In 1919 Chagall, who became the commissioner for artistic affairs in the town of Vitebsk, invited Lissitzky to head an architecture and printing workshop at the local art school there. When the suprematist artist Kazimir Malevich joined the school's faculty, Lissitzky, with other professors and students, became a member of Malevich's UNOVIS group and adopted some of suprematism's visual language of geometric forms. But Lissitzky developed his own approach to painting, which he called the Proun (an acronym for Project for a New Art). Unlike Malevich, Lissitzky created canvases with architectonic structures, declaring that to fully understand his paintings, the viewer had to consider them from multiple perspectives. Lissitzky was later to call these pictures way stations between painting and architecture. While in Vitebsk, he also produced several propaganda posters for the Red Army, the best known of which is "Beat the Whites with the Red Wedge."

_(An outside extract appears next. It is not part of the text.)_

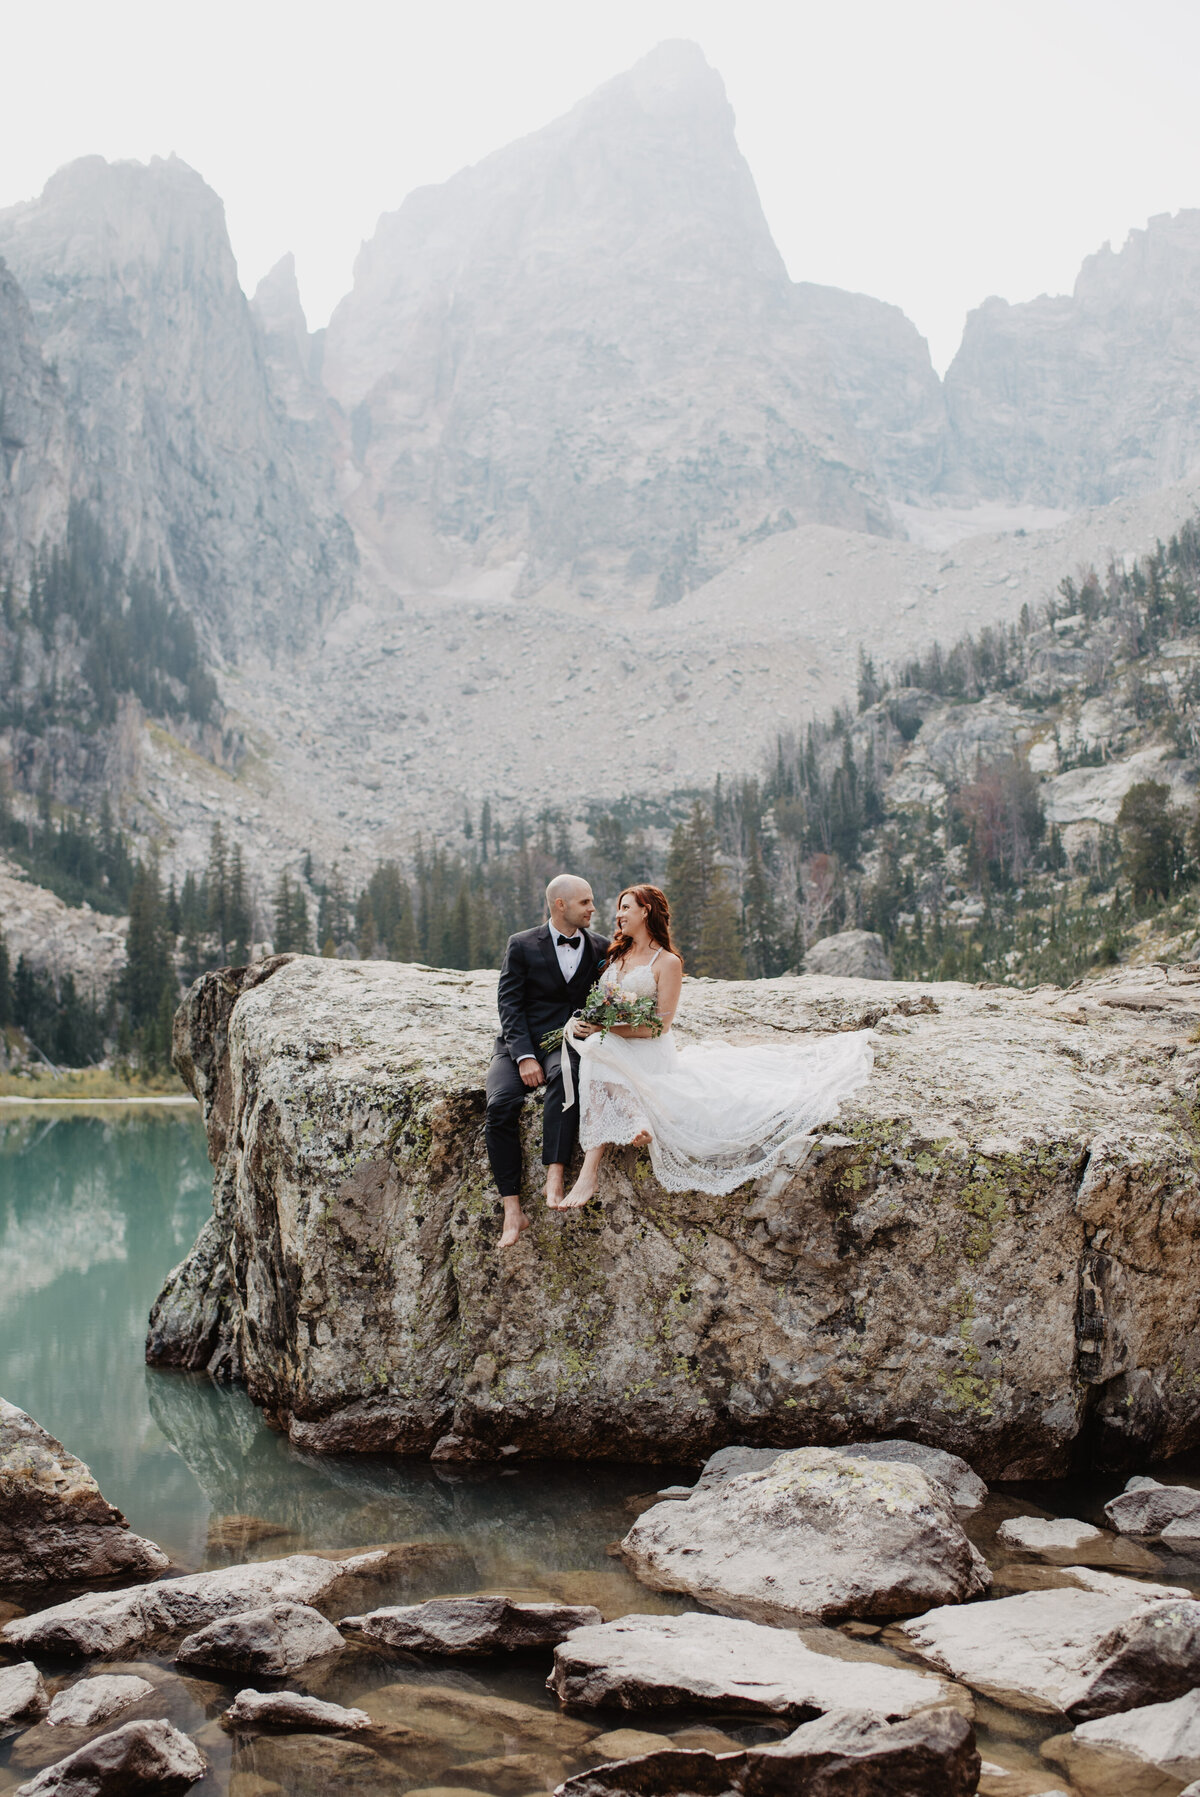 Jackson Hole photographers capture couple sitting on rock at Jenny Lake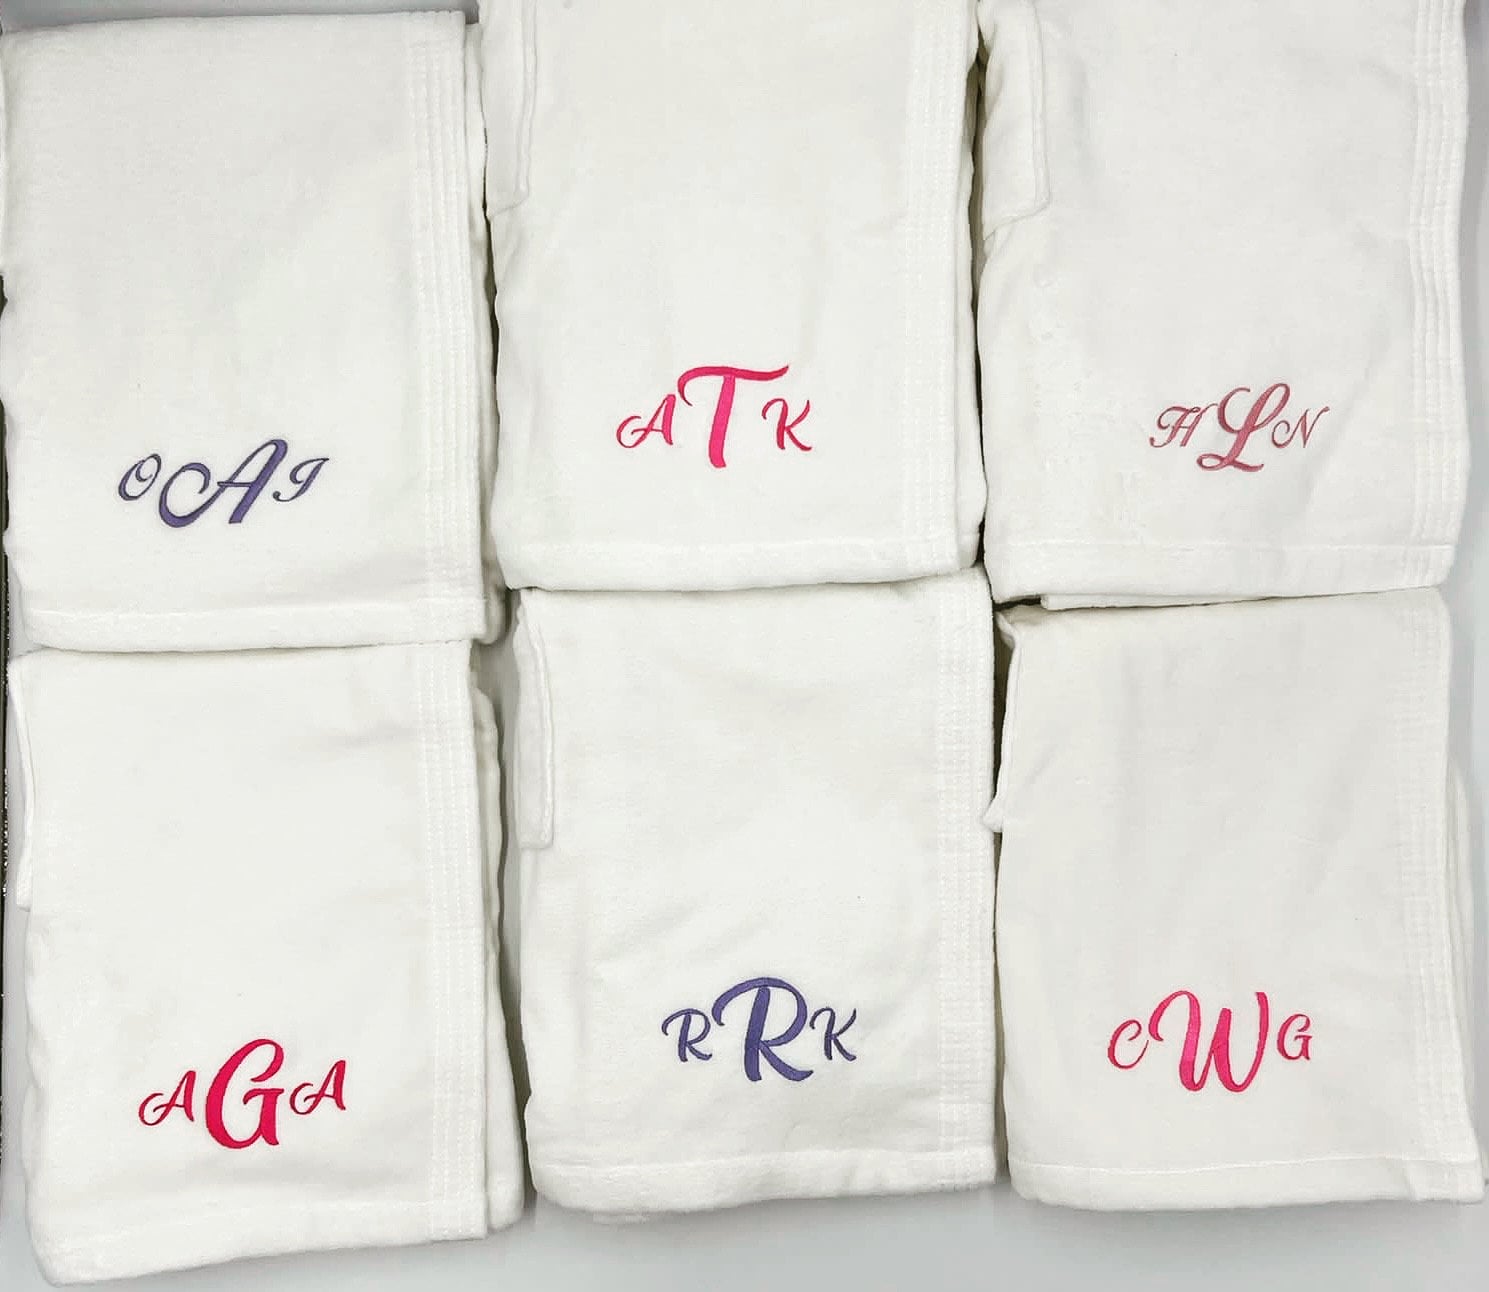 Towel Wrap Towels :: 100% Cotton Purple Terry Velour Cloth Spa

In 1921 Lissitzky left for Europe, where he spent four years. Initially he lived in Berlin, where he collaborated with the Scythians, a Russian émigré group, for whom he designed several issues of an avant-garde magazine, Veshch (Object). This publication was intended as a cultural bridge between Russians in Europe and in the Soviet Union. He also worked with a community of Jewish artists as well as with Theo van Doesburg, the founder of the De Stijl movement, and Kurt Schwitters, the Dada artist who established his one-man Merz movement in Hanover. While in Europe, Lissitzky saw the publication of his children's book Of Two Squares, which he had designed in Vitebsk, as well as a book of poems by Vladimir Mayakovsky, For the Voice. The two books were among the first avant-garde publications to interest German graphic designers, including Jan Tschichold, who recognized Lissitzky as one of the forerunners of the "new typography" that he promoted in the 1920s.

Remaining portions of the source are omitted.